╭──
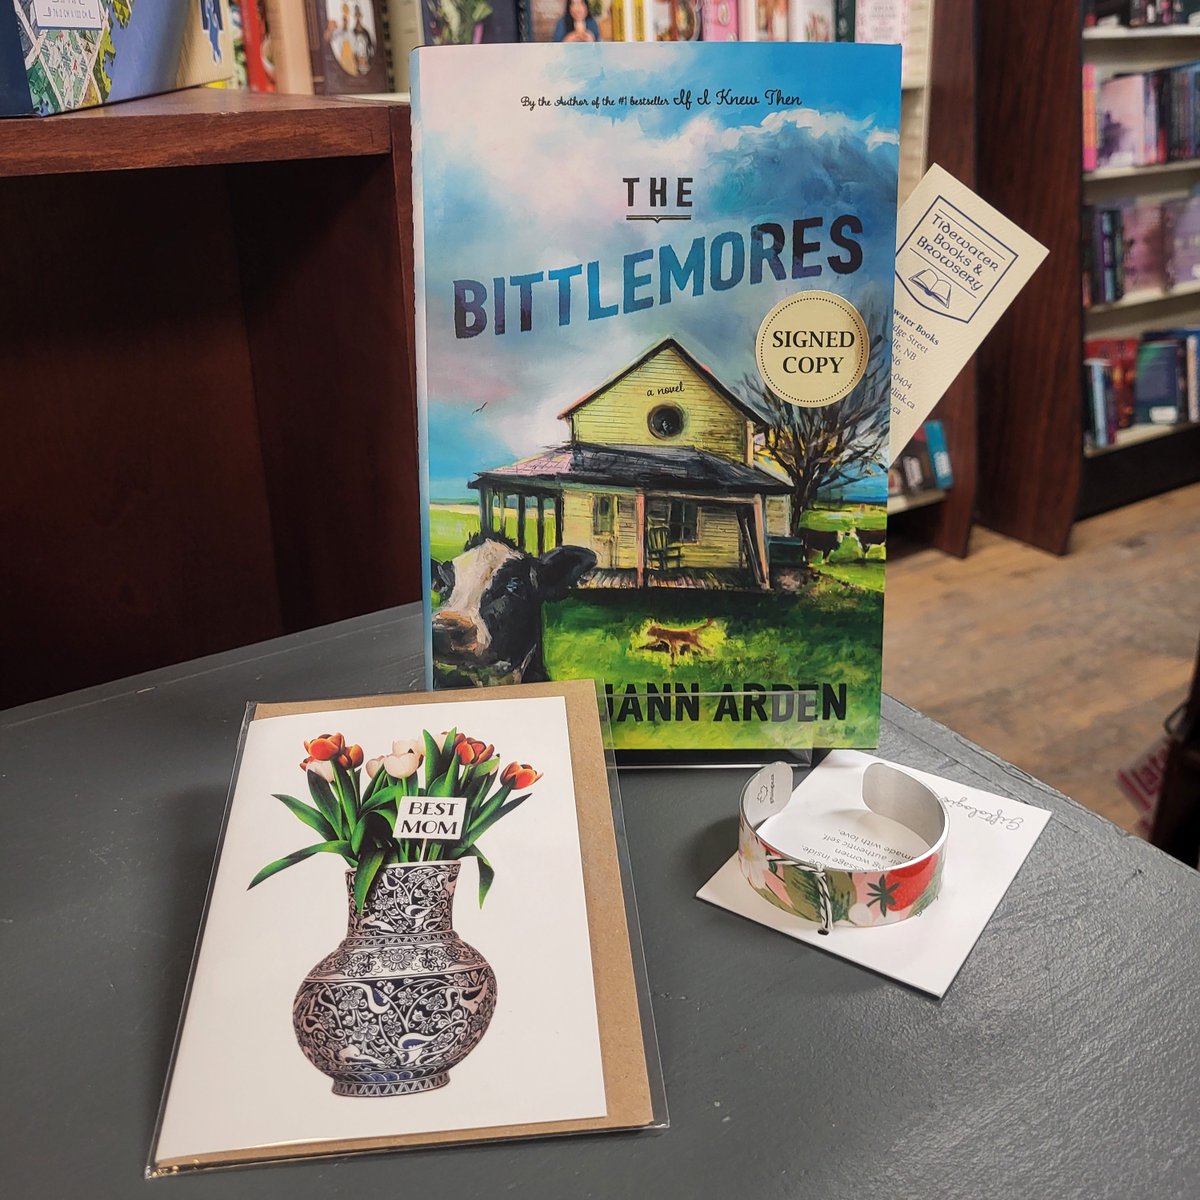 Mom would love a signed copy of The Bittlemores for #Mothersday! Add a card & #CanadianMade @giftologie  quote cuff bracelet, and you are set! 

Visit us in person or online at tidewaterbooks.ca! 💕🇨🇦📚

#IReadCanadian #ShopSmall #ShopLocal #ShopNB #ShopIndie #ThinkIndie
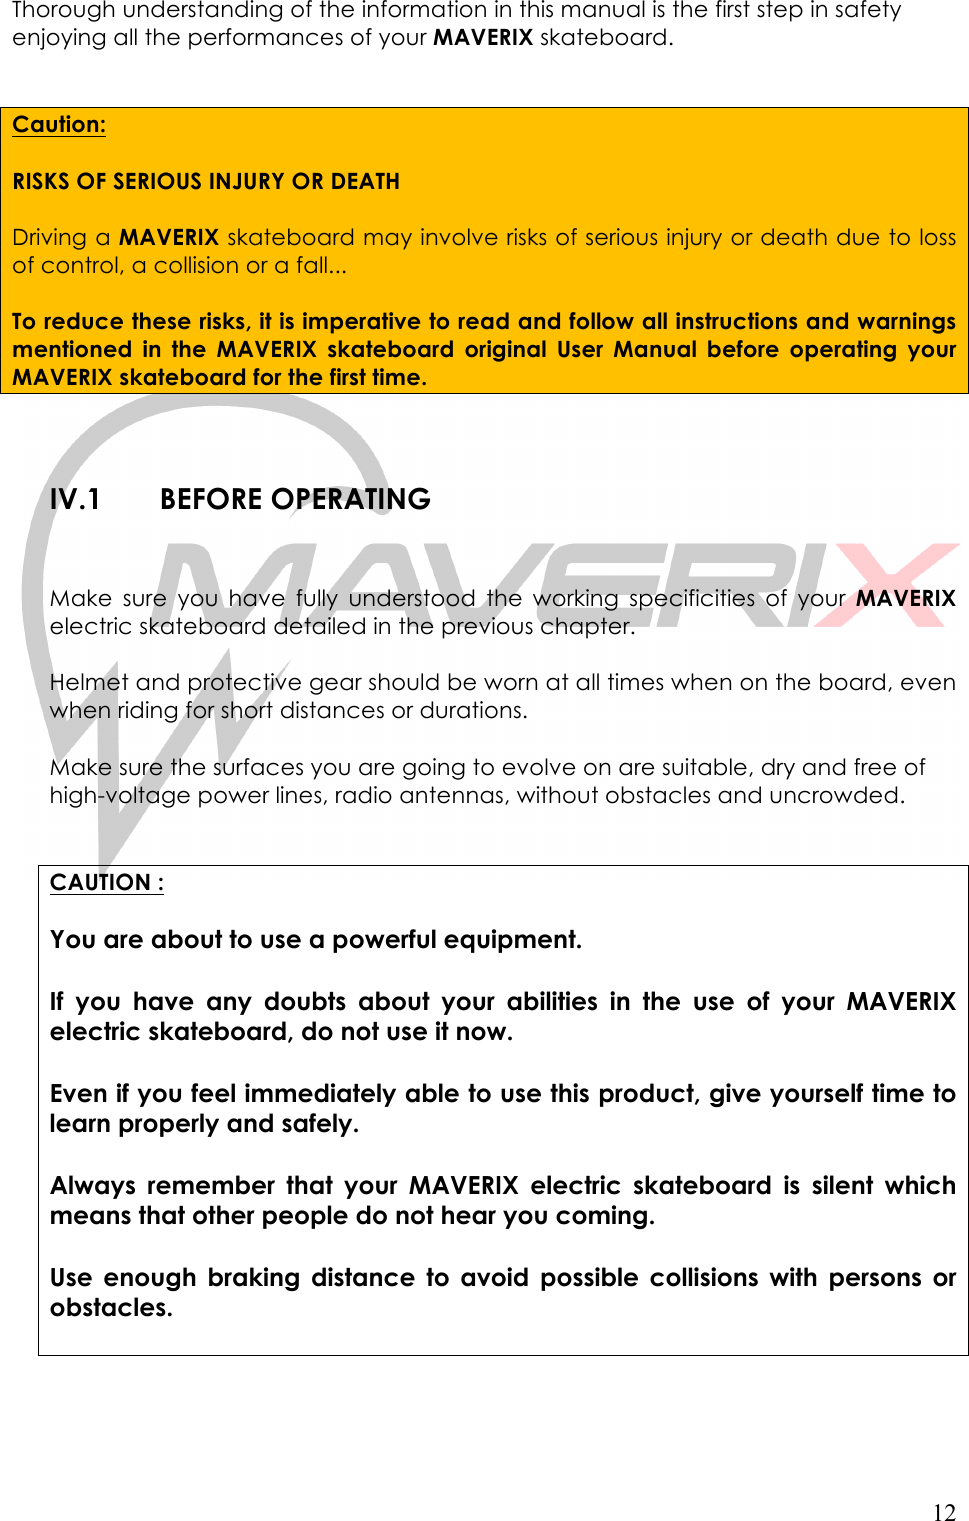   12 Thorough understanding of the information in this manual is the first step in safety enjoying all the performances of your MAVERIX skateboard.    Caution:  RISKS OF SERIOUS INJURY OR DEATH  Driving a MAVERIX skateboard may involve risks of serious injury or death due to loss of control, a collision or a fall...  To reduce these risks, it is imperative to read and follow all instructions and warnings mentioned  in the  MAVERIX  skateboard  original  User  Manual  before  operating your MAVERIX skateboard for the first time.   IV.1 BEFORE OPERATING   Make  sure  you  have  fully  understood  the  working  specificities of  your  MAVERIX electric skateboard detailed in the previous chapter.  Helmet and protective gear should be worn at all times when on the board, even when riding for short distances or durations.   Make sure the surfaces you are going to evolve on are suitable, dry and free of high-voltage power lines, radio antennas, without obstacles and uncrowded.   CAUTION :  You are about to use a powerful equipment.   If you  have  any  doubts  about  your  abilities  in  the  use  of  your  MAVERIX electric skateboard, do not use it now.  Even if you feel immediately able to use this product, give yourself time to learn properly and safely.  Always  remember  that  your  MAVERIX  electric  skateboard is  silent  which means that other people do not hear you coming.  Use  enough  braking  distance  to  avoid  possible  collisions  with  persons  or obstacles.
╰──
▸ **Exercise aim**: Everything from the opening line of the data through the line with "#IReadCanadian #ShopSmall #ShopLocal" should be repeated exactly; leave the pictures out.

▸ **Completed exercise**:
 Mom would love a signed copy of The Bittlemores for #Mothersday! Add a card & #CanadianMade @giftologie  quote cuff bracelet, and you are set! 

Visit us in person or online at tidewaterbooks.ca! 💕🇨🇦📚

#IReadCanadian #ShopSmall #ShopLocal #ShopNB #ShopIndie #ThinkIndie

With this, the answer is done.